#### Given entries ####

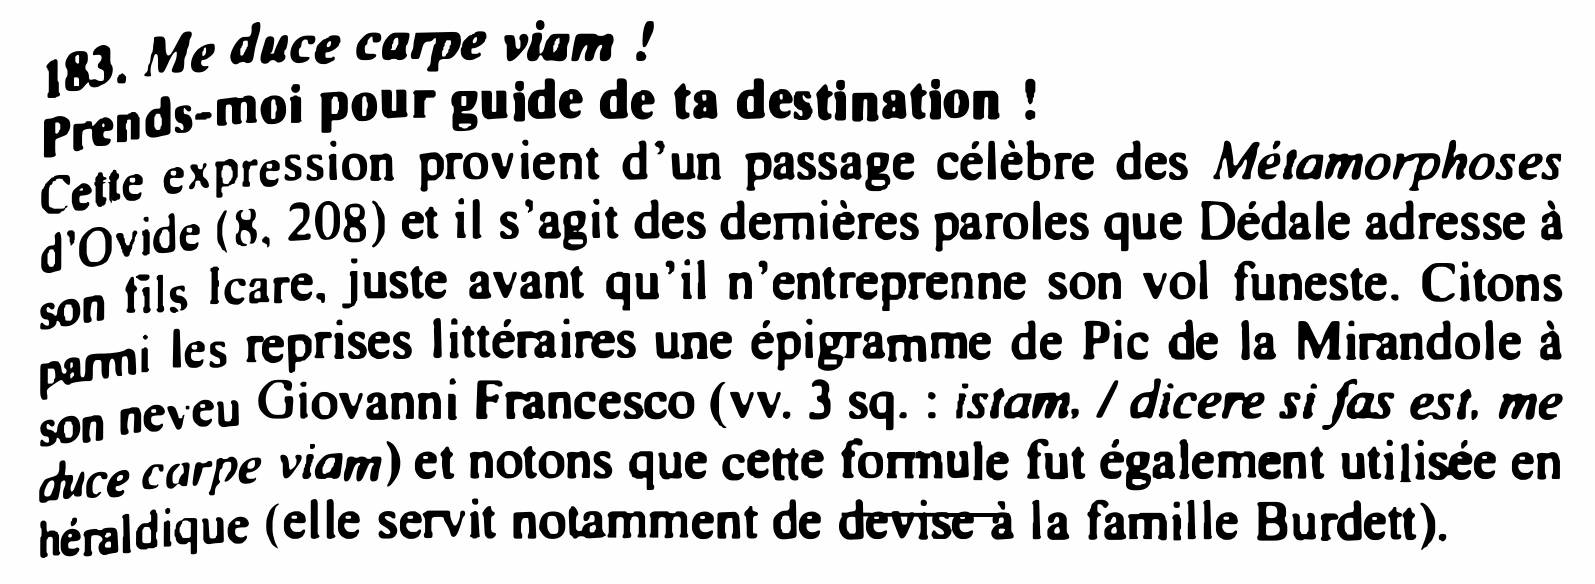 Prévisualisation du document Me duce carpe viam !
83
1

pour guide de ta destination !
moi
�dsrt

ssion provient d'un passage célèbre...

####

● **Instructions to follow**: Every record should be duplicated exactly, though any picture in it must be left out.

● **The answer**:
 Prévisualisation du document Me duce carpe viam !
83
1

pour guide de ta destination !
moi
�dsrt

ssion provient d'un passage célèbre...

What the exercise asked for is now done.